An additional 344 participants were removed due to incomplete survey responses or completing the survey implausibly quickly (our pre‐defined cutoff criteria based on pilot work and recommended by the survey company was 12 min).
Procedure
After completing informed consent, participants filled out a number of measures regarding self‐esteem, attachment styles, and paranoid beliefs before engaging in the facial trust detection task.
Measures
The revised Paranoia and Deservedness Scale (PaDS –R) was designed on the basis of psychometric analyses of the original scale (Melo, Corcoran, Shryane, & Bentall, 2009) in a large sample of healthy individuals and patients with psychosis (Elahi et al., 2017). In line with recent findings (Bebbington et al., 2013), the 8‐item scale measures the four elements of paranoia (two items per element): interpersonal sensitivity (e.g., ‘My friends often tell me to relax and stop worrying about being deceived or harmed’), mistrust (e.g., ‘You should only trust yourself’), fear of persecution (e.g., ‘I believe that some people want to hurt me deliberately’), and ideas of reference (e.g., ‘Sometimes I think there are hidden insults in things that other people say or do’). Items were answered on a 5‐point scale ranging from ‘Strongly disagree’ to ‘Strongly agree’. Scale reliability was good (α = .87), and responses were normally distributed.
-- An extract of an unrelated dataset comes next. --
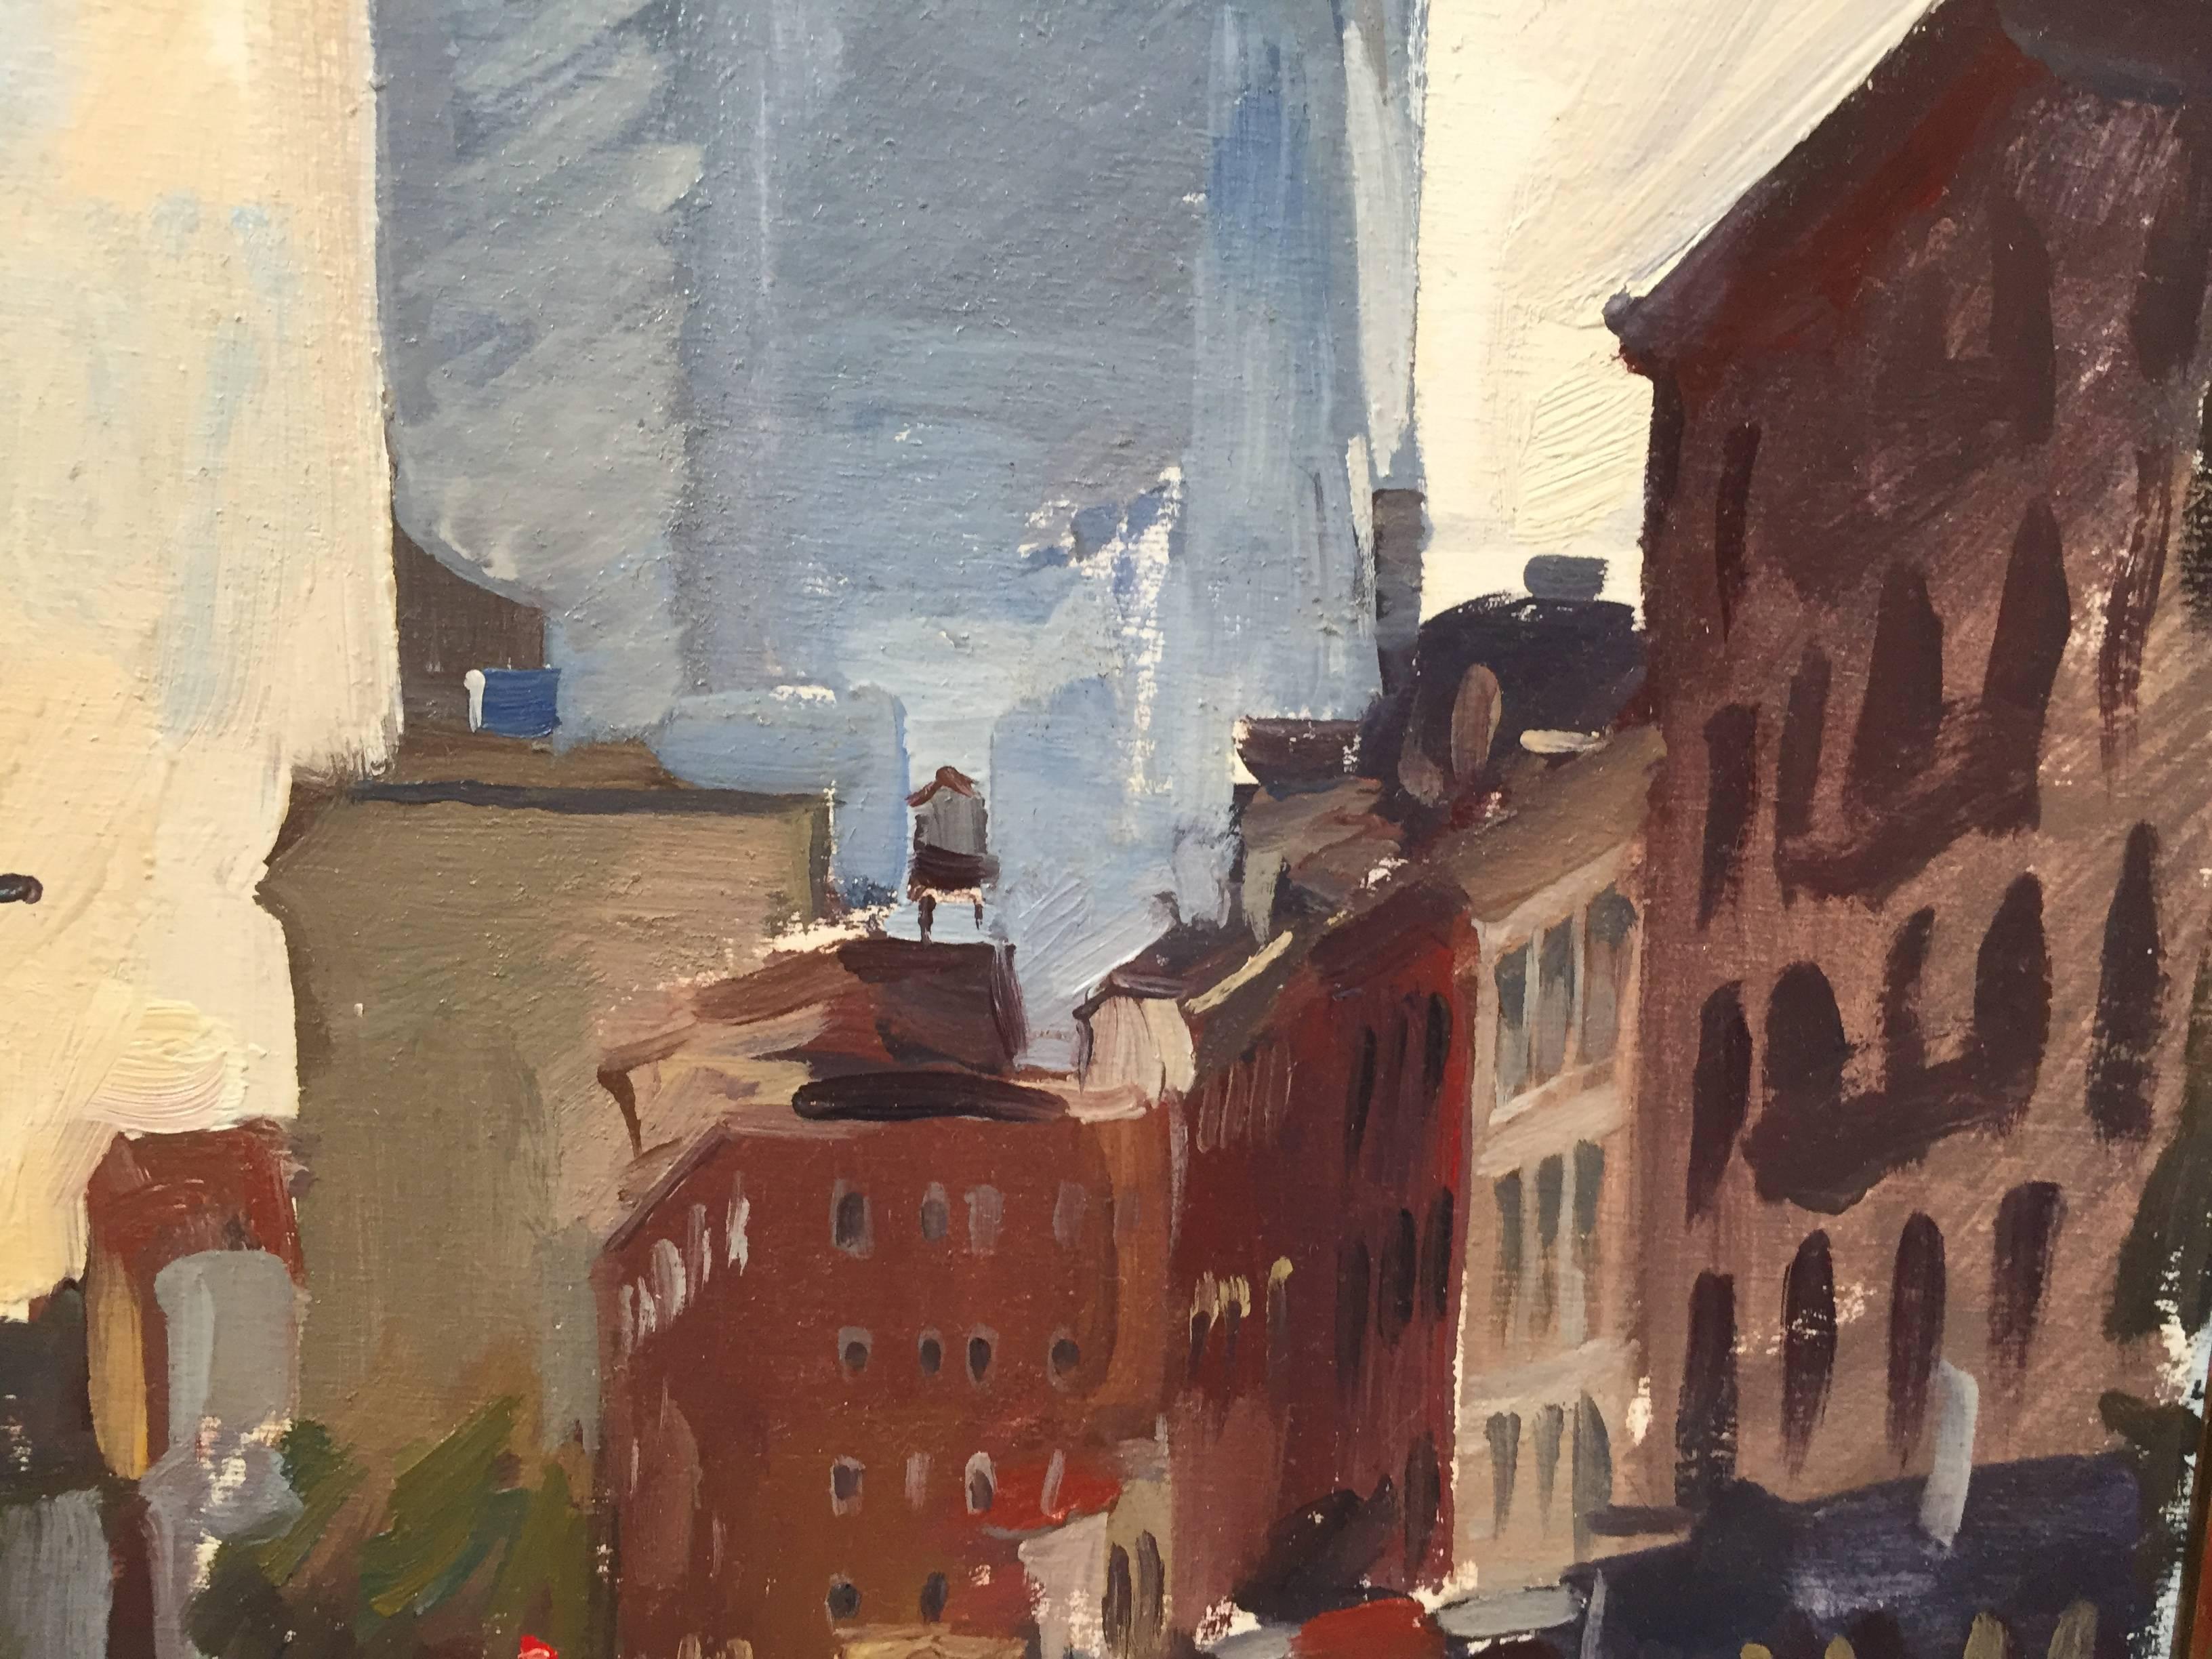 Painted en plein air in the streets of New York City, Dalessio makes the tall Freedom Tower this painting's subject. A silvery blue icon that stretches to the sky, towers over the smaller 4-story buildings in the foreground on West Broadway. Down

The Relationship Questionnaire (RQ) was used to assess attachment style (Bartholomew & Horowitz, 1991). Participants read four vignettes describing secure, fearful, pre‐occupied, and dismissing prototypical styles and had to choose the one that describes them best. They were then asked to rate each vignette ‘according to how well or poorly each description corresponds to [their] general relationship style’ on 7‐point scales ranging from ‘Disagree strongly’ to ‘Agree strongly’. Scores on the four scales were used to compute higher order measures of attachment anxiety (negative model of self) by subtracting the sum of secure and dismissing scores from the sum of pre‐occupied and fearful scores and attachment avoidance (negative model of other) by subtracting the sum of secure and pre‐occupied scores from the sum of dismissing and fearful scores. Thus, the formula can be summed up as follows: model of self = (secure + dismissing) − (pre‐occupied + fearful); model of other = (secure + pre‐occupied) − (dismissing + fearful), where higher scores indicate the presence of each type of attachment style.
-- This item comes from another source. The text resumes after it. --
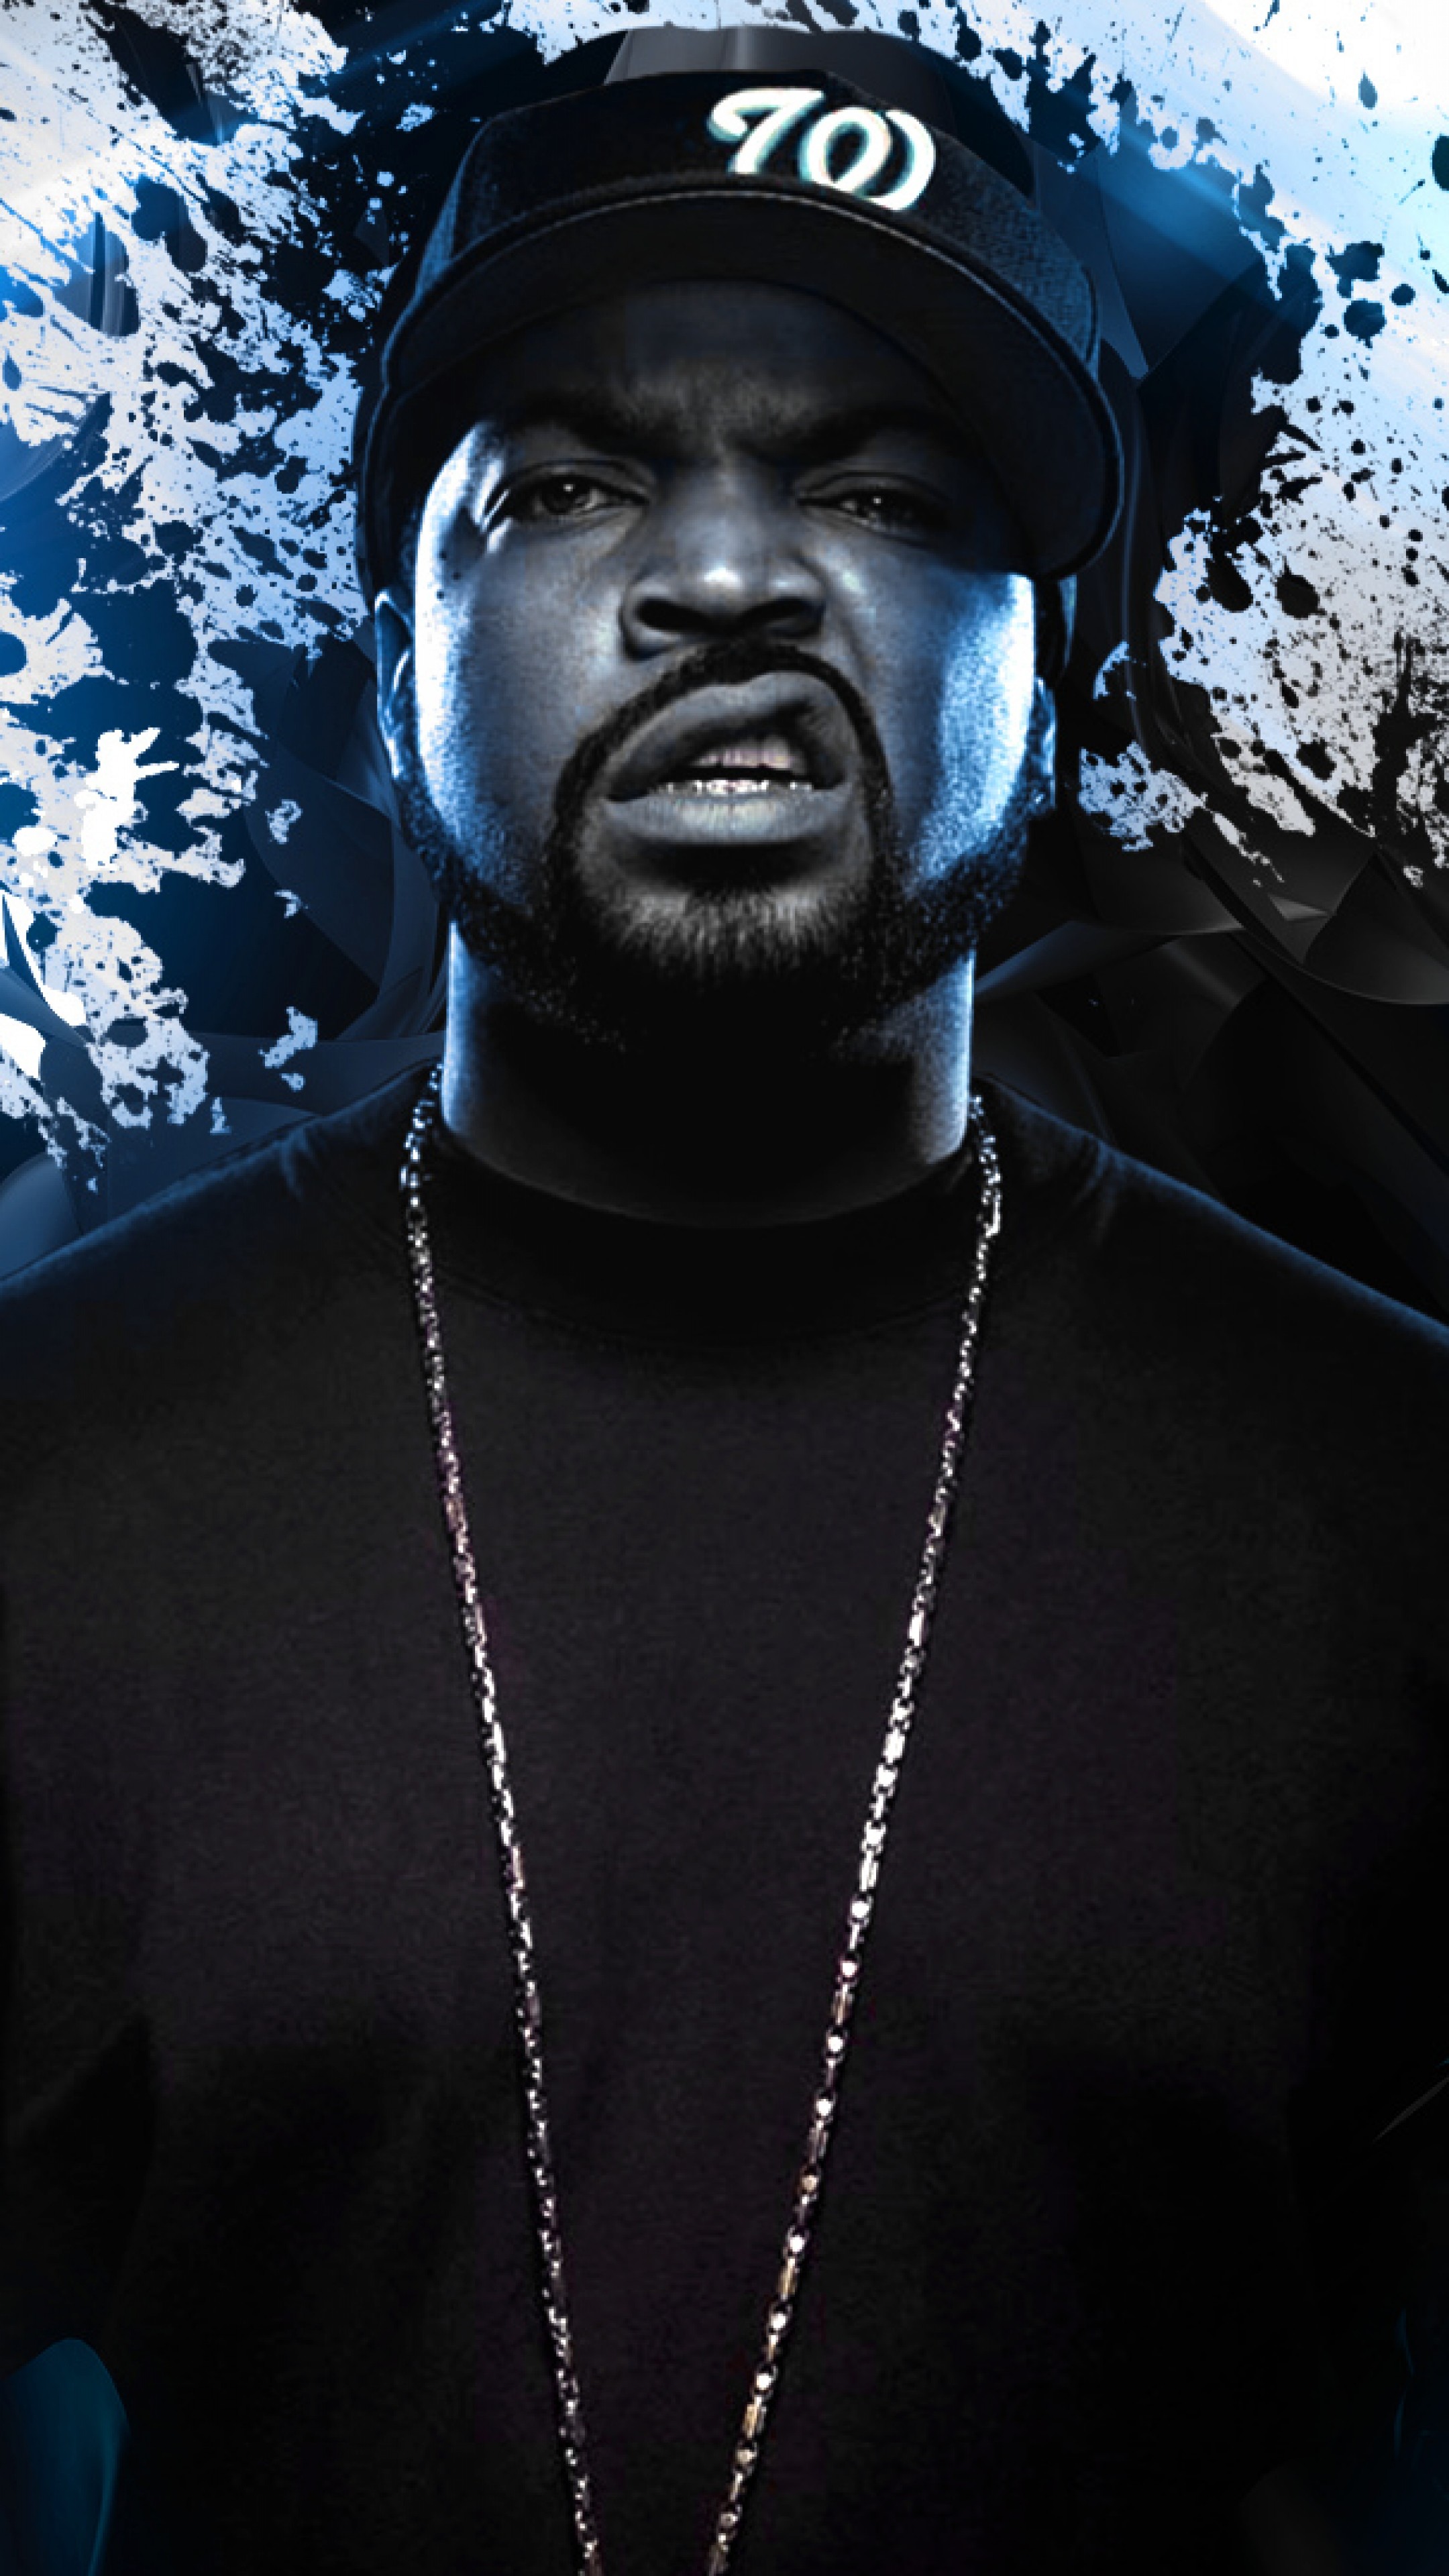 2160x3840  Wallpaper ice cube, rapper, musician, abstraction

The short version of the Self‐esteem rating scale (SERS; Lecomte, Corbière, & Laisné, 2006) is a 20‐item scale, designed to assess self‐esteem independently of mood. It consists of 10 positive statements about the self, for example, ‘I feel good about myself’, and 10 negative statements about the self, for example, ‘I feel that others do things much better than I do’. Participants rated each statement from 1, ‘never’, to 7, ‘always’. For both positive self‐esteem (α = .94) and negative self‐esteem (α = .94), scale reliability was good. However, because negative self‐esteem rather than positive self‐esteem has been found to be a strong predictor of paranoia in previous studies (Bentall et al., 2008), only negative self‐esteem is considered in this study.
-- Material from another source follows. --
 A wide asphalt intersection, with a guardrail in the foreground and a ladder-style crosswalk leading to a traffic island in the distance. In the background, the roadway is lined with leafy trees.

Facial trust detection task was based on the trustworthiness data set (25 identities; Oosterhof & Todorov, 2008). This data set contains computer‐generated faces created using FaceGen 3.1 and obtained from the Princeton Social Perception Lab database.2 The database includes identities manipulated on different traits (attractiveness, competence, dominance, extroversion, likeability, threat, and trustworthiness). From this data set, 10 bald Caucasian male computer‐generated faces (5 prior rated as trustworthy and 5 prior rated as untrustworthy; see Figure 1) were randomly selected by using the website www.Random.org. Participants were presented with each face followed by a fixation cross and were asked: ‘How much would you trust this person’. Answers were given on a 7‐point Likert scale (1 = ‘I would not trust this person at all’ to 7 = ‘I would trust this person completely’). Reliabilities were good for the overall scale (α = .94), the trustworthy items (α = .93), and the untrustworthy items (α = .93). In the sample as a whole, the trustworthy faces were rated as more trustworthy (M = 20.10, SD = 5.58) than the untrustworthy faces (M = 16.49, SD = 5.62, t = 30.56, p < .001), showing that the faces were clearly discriminable. However, mean ratings for the two types of faces were correlated, r = .66, p < .001, suggesting individual differences in trust judgements.
Figure 1.

Left image example of a trustworthy computer‐generated face. Right image example of an untrustworthy computer‐generated face (Images obtained from the Princeton Social Perception Lab database).
Signal detection analysis
In order to analyse facial trust detection task outcomes using a signal detection paradigm, participant’s responses were recoded as binary outcomes (a total of 15,080 trials for all participants) by recoding responses from 1 to 3 as a NO outcome (5,603 trials for all participants), responses from 5 to 7 as a YES outcome (3,524 trials for all participants), and responses of 4 as null outcomes (5,953 trials for all participants), so that positive values reflect bias towards trustworthiness. The amount of null responses resulted in a loss of 387 participants for which we were unable to calculate signal detection variables due to the inability of distinguishing yes and no responses. This meant our final sample size was reduced to 1,121 participants.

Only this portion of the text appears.